Results with effect sizes. Starting from Qwen2.5-Math-7B-Base, PRIME lifts average accuracy 15.1% over the SFT model and over 20% on AMC and AIME. Against outcome-only RLOO it reaches 6.9% higher final reward at 2.5x the sample efficiency, and beats it on downstream test accuracy with lower variance. Eurus-2-7B-PRIME surpasses Qwen2.5-Math-7B-Instruct on seven benchmarks using 10% of its data, and hits 26.7% pass@1 on AIME 2024, above GPT-4o and Llama-3.1-70B-Instruct. The SFT-initialized PRM beats a specially-trained EurusPRM, the online PRM's accuracy rises through training while a frozen PRM's falls, and the implicit PRM used as a reward beats value models. PRIME plugs into REINFORCE, RLOO, PPO, and GRPO and improves all four.
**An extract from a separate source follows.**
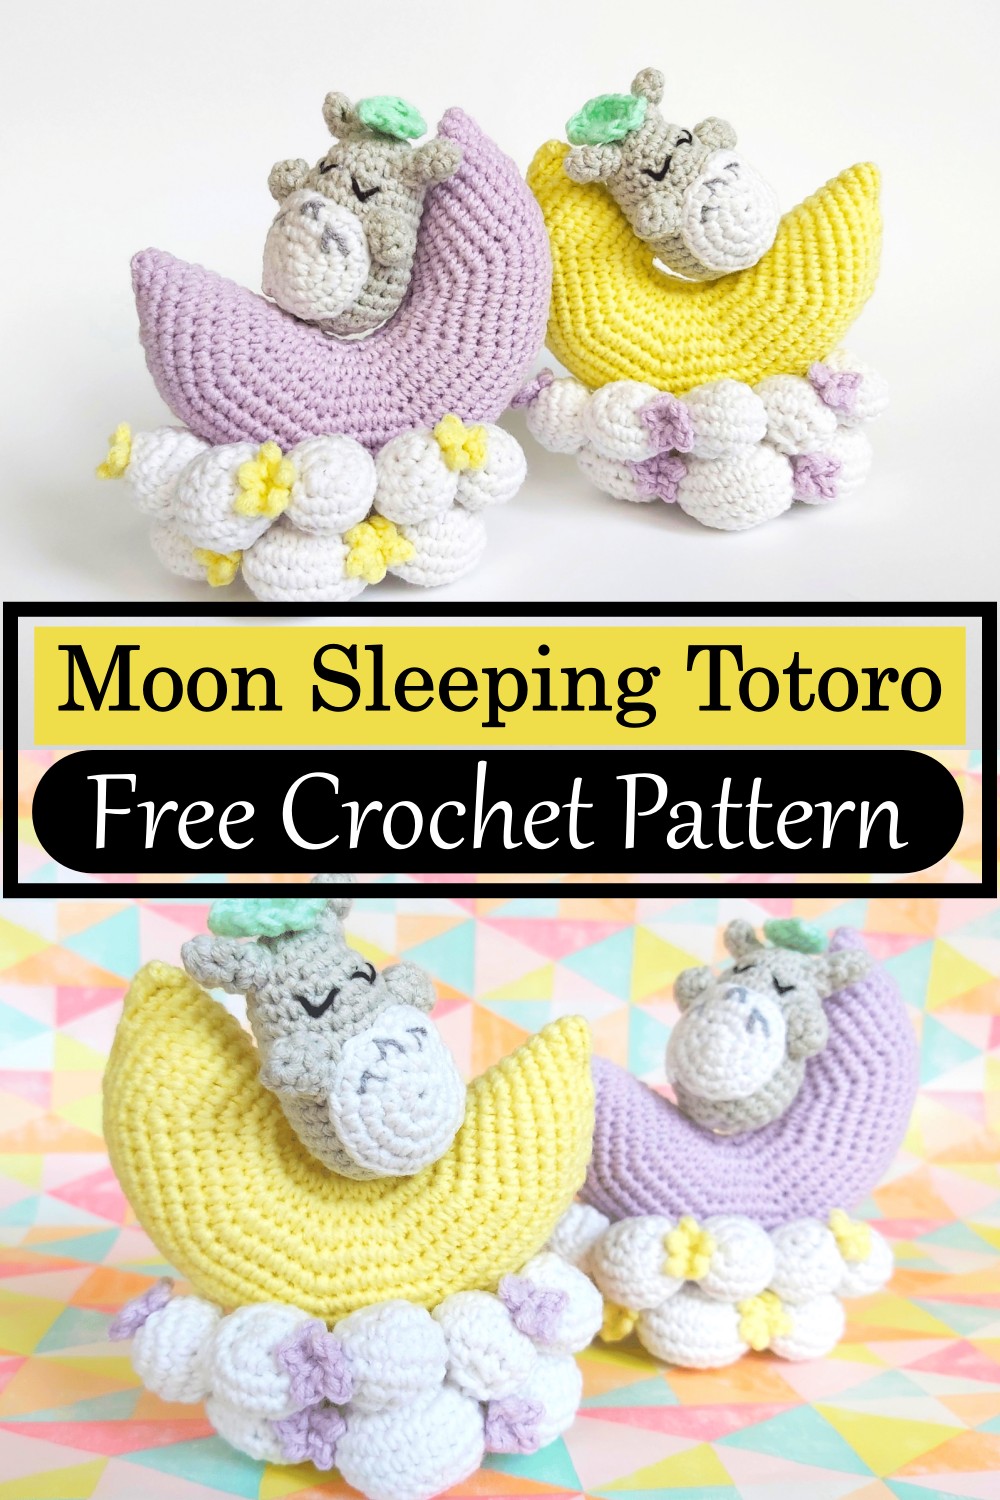 Moon Sleeping Totoro

Limitations and open questions. The outcome verifier must be exact and unhackable, which scopes the method to verifiable domains like math and code. The online update adds about 24% wall-clock per step, offset by reaching the same reward in 40% of the steps for a net 2x. How the online PRM behaves under a noisy or learned outcome signal, and in non-verifiable domains, is left open.
My assessment
The authors got the central bet right, and the evidence is unusually clean for an RL paper. The implicit reward isn't their invention, it's Rafailov's and Yuan's, but the insight that you can run the reward-model update inside the online loop and that doing so is what kills reward hacking is the real contribution, and Figure 5 makes it undeniable. The offline PRM's accuracy sliding down through training while the online one climbs is the kind of plot that settles an argument. The SFT-initialization ablation is the other quietly important result, because it inverts the intuition that more reward-model training is better, the PRM that saw 500K extra examples lost to the one that just started from the policy and only ever saw the policy's own rollouts. That's a distribution-shift story told well.
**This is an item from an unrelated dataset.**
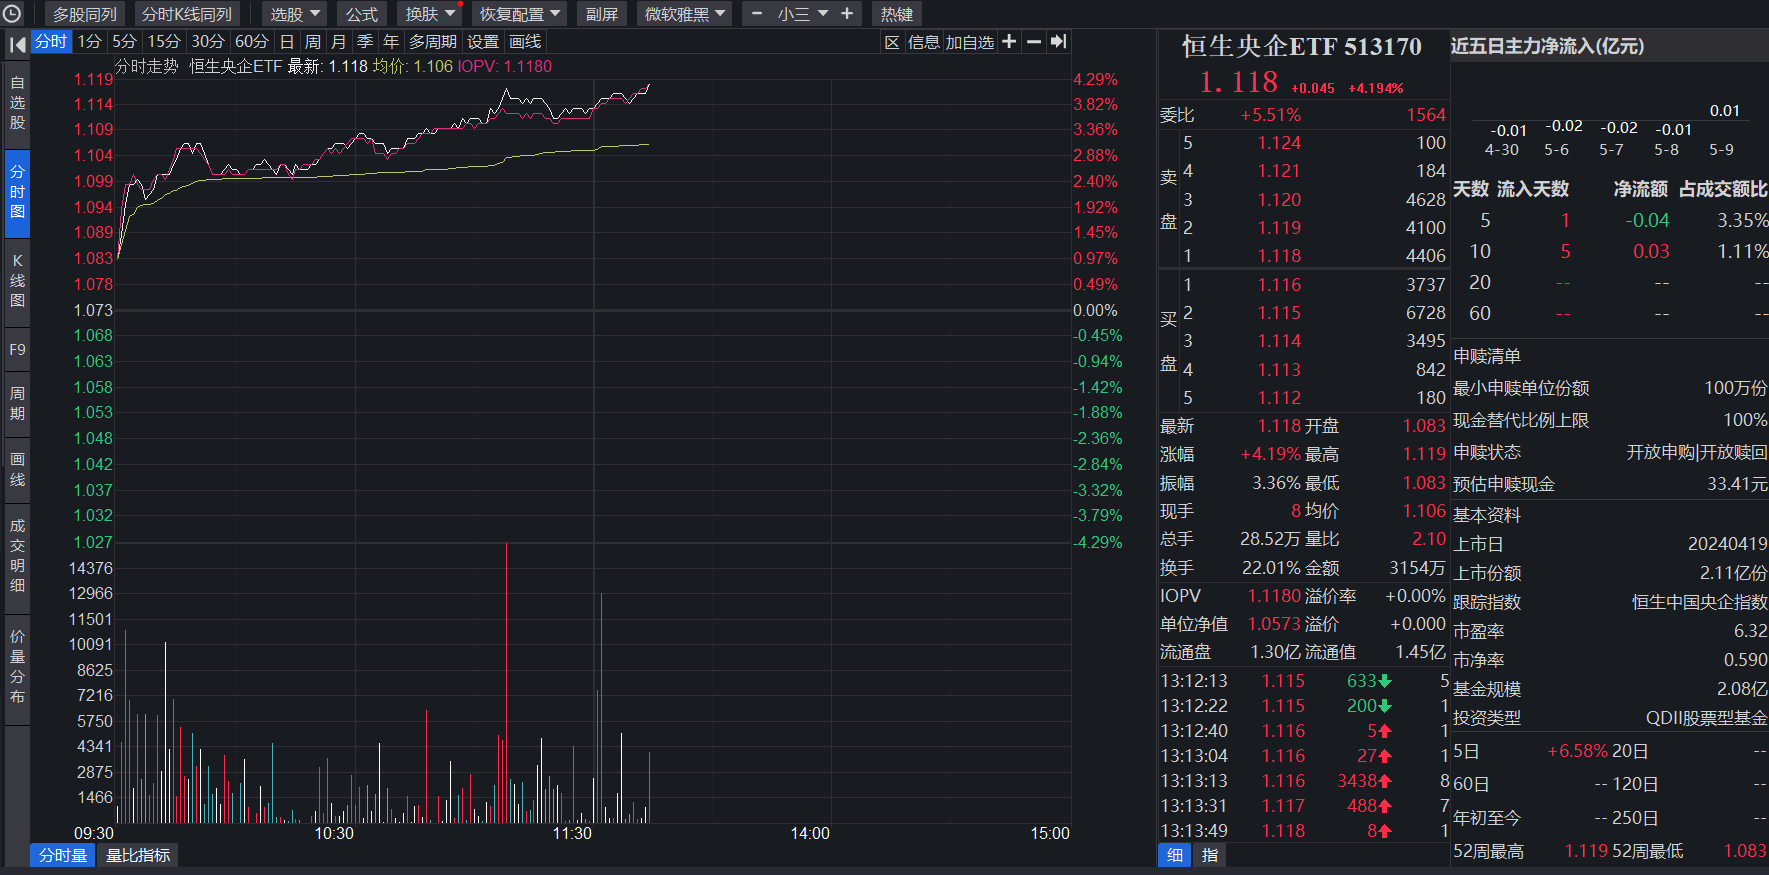 港股高分红投资热情再获提振，恒生央企ETF(513170)午后强势涨超4%！

Where I'd push back is the framing of "only outcome labels." The method leans entirely on an exact, unhackable verifier, so it's really "outcome labels plus a perfect oracle," and that oracle is exactly what you don't have in the domains where dense rewards would matter most, like open-ended reasoning or writing. The paper is honest that non-verifiable settings are future work, but the title undersells how much the verifier is doing. The other open edge is the coupling between beta and the update rate, the simulation here makes it obvious that a large reward weight with a slow update is the danger zone, and the paper doesn't map that boundary. None of that dents the core result. Getting dense process rewards for free, from a model you already have, kept honest by an online update, is a genuinely useful unlock, and it landed as the recipe behind a real family of open reasoning models.